Luca Benini
[intermediate/advanced] Open Hardware Platforms for Edge Machine Learning
Summary
The course will look at designing RISC-V procesors and accelerators targeting Machine Learning applications. Techniques for instruction-set-architecture (ISA) extension will be presented, focusing on energy-efficient micro-architecture design. The lecture will also delve in accelerator design, and on integrating heterogeneous computing engines for achieving higher performance and efficiency, while retaining flexibility. Several examples will be provided from the open-source PULP (pulp-platform.org) Systems-on-Chip.
Syllabus
- Part 1: Specializing Processors for ML: RISC-V and its ISA, Micro-architecture of a RISC-V MCU, Extending the ISA for ML, Designing efficient RISC-V cores for ML workload.

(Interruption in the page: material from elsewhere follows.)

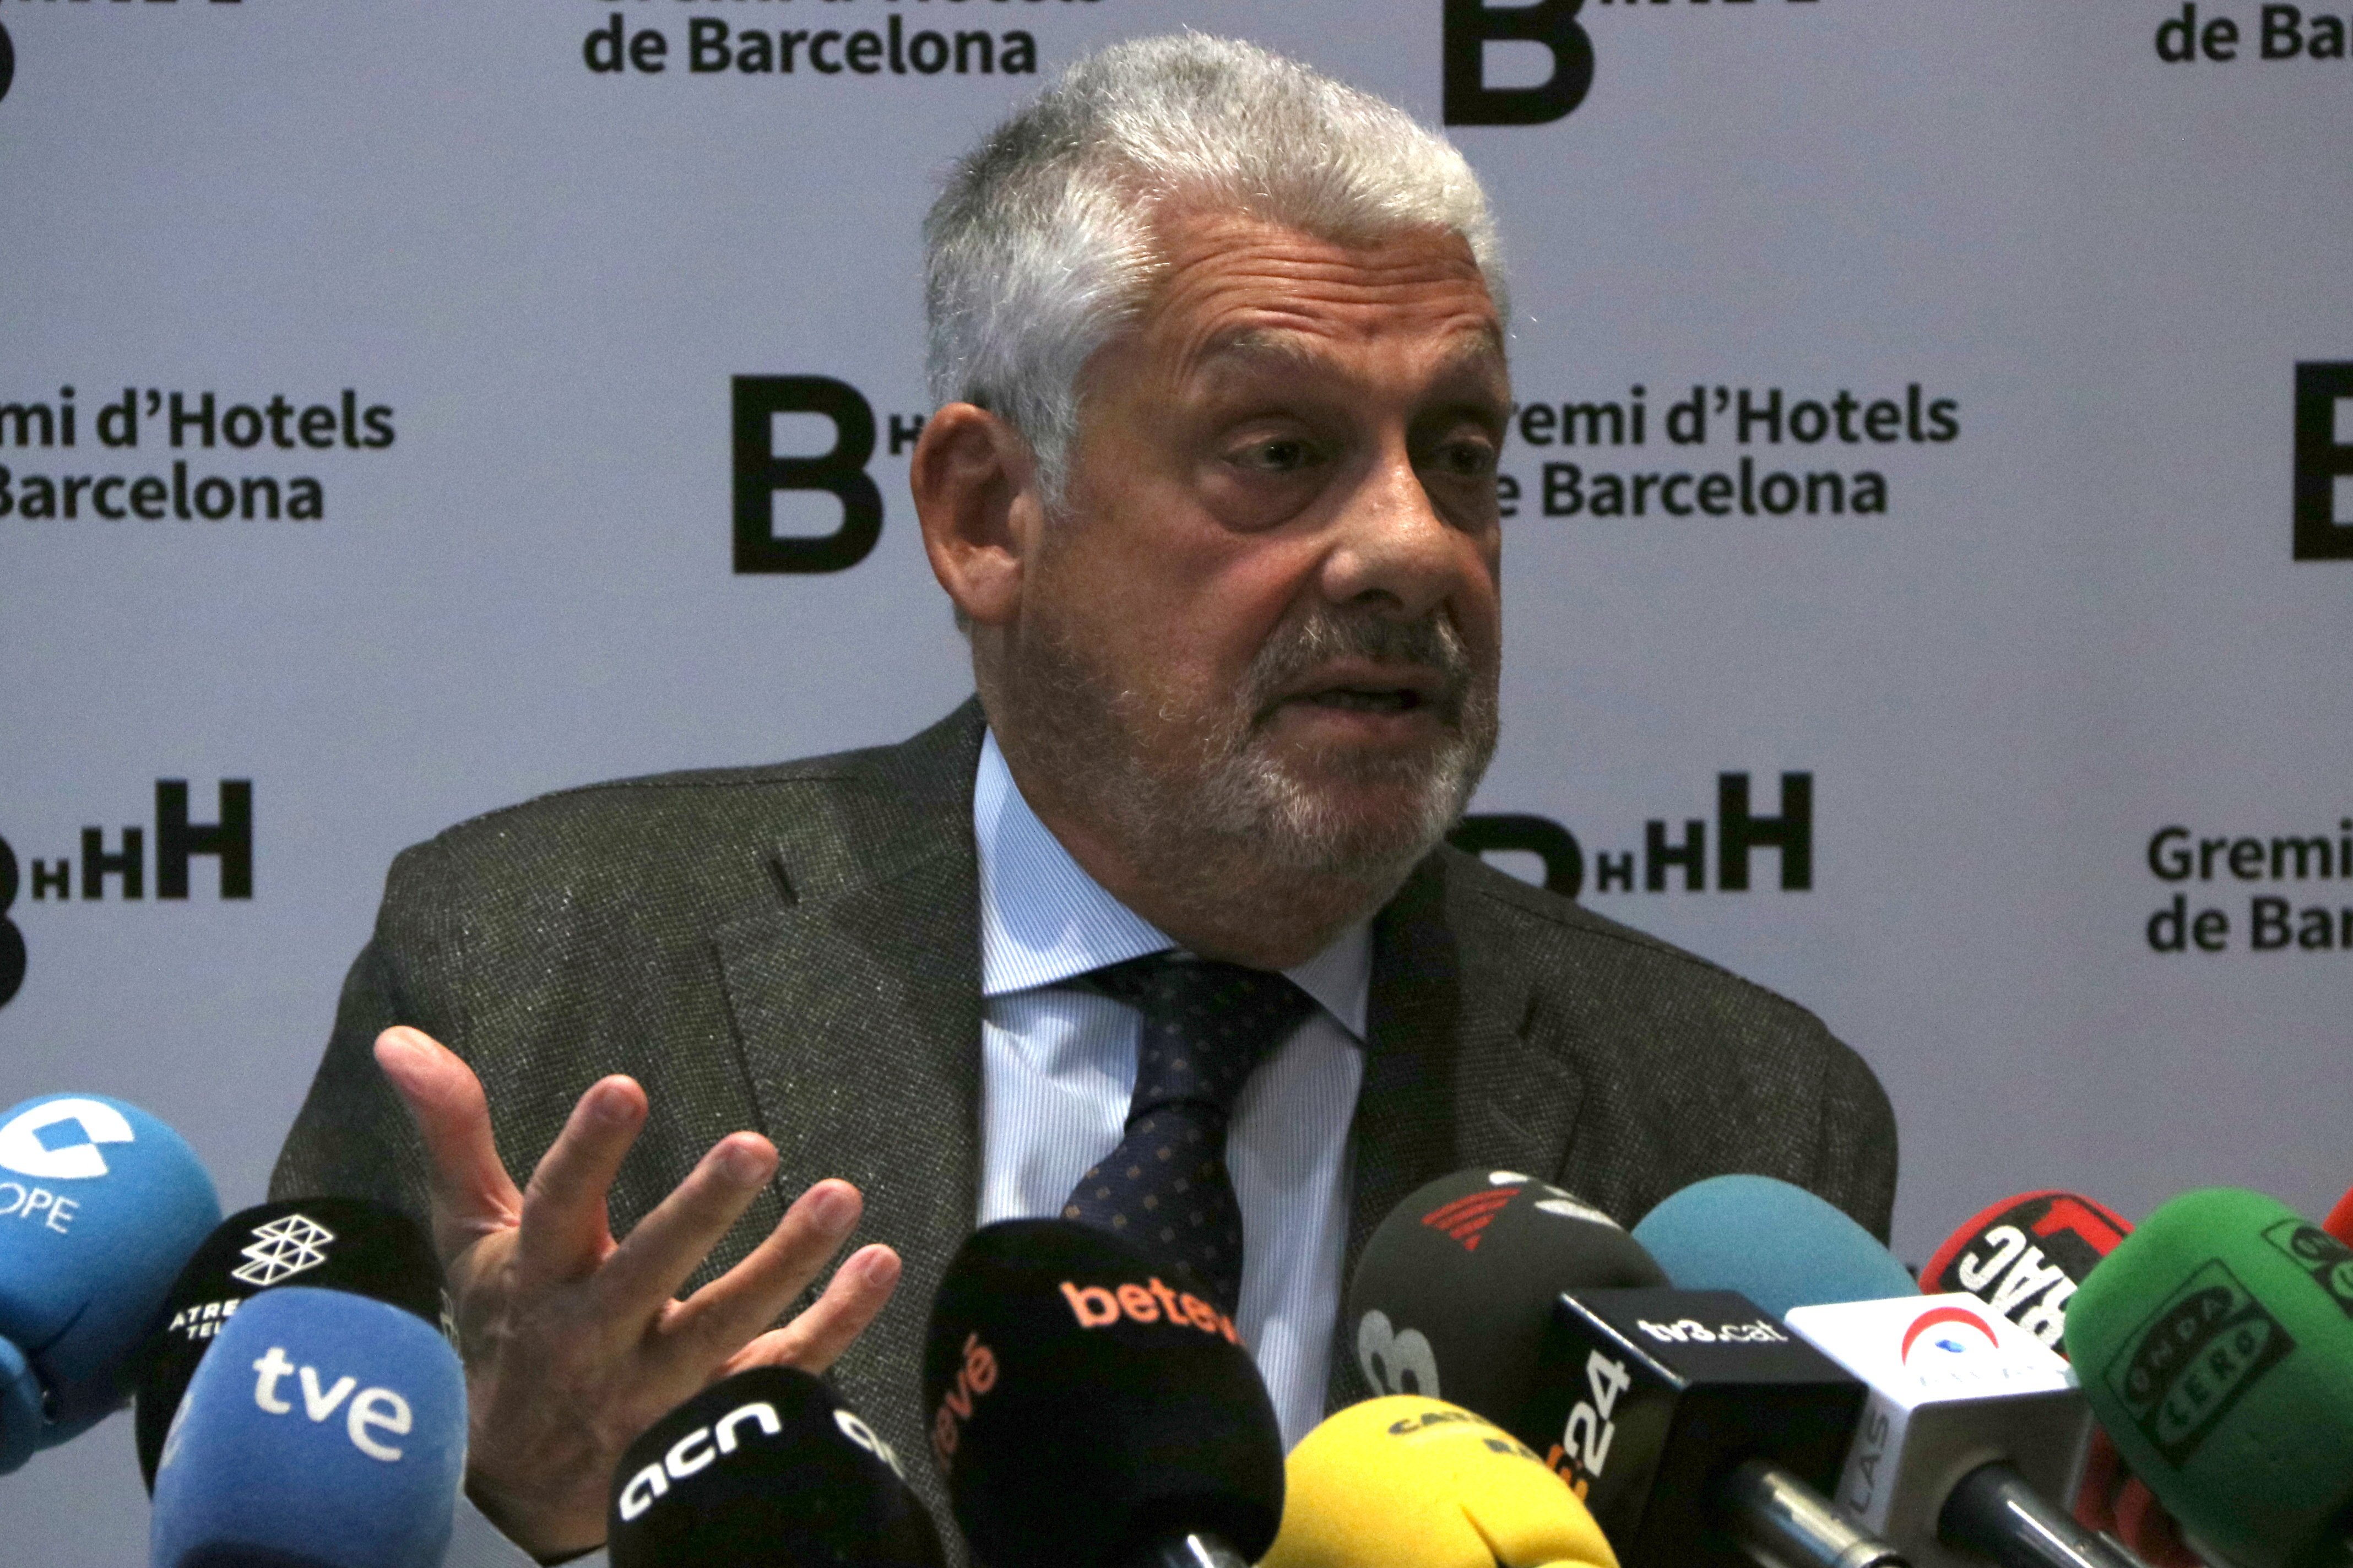 El Gremi d'Hotels urge a frenar el descenso de turistas en Barcelona

- Part 2: From Single to Multi-Core Heterogeneous SoCs for ML: Parallel ultra-low Power (PULP) architecture, ML acceleration engines, Memory hierarchy and IO optimization for ML workloads.
References
General Surveys of the topic: https://arxiv.org/abs/2310.09145, https://arxiv.org/abs/2306.15552
Dedicated resources: https://pulp-platform.org/
Pre-requisites
Basic computer architecture (CPU, ISA, memory hierarchy). Basic digital hardware design (digital logic, elementary computer arithmetic, power consumption of digital circuits).
Short bio
Luca Benini holds the Chair of Digital Circuits and Systems at ETHZ and is Full Professor at the Università di Bologna. He received a PhD from Stanford University. Dr. Benini’s research interests are in energy-efficient parallel computing systems, smart sensing micro-systems and machine learning hardware. He is a Fellow of the IEEE, of the ACM and a member of Academia Europaea. He is the recipient of the 2016 IEEE CAS Mac Van Valkenburg Award, the 2020 EDAA Achievement Award, the 2020 ACM/IEEE A. Richard Newton Award and the 2023 IEEE CS E.J. McCluskey Award.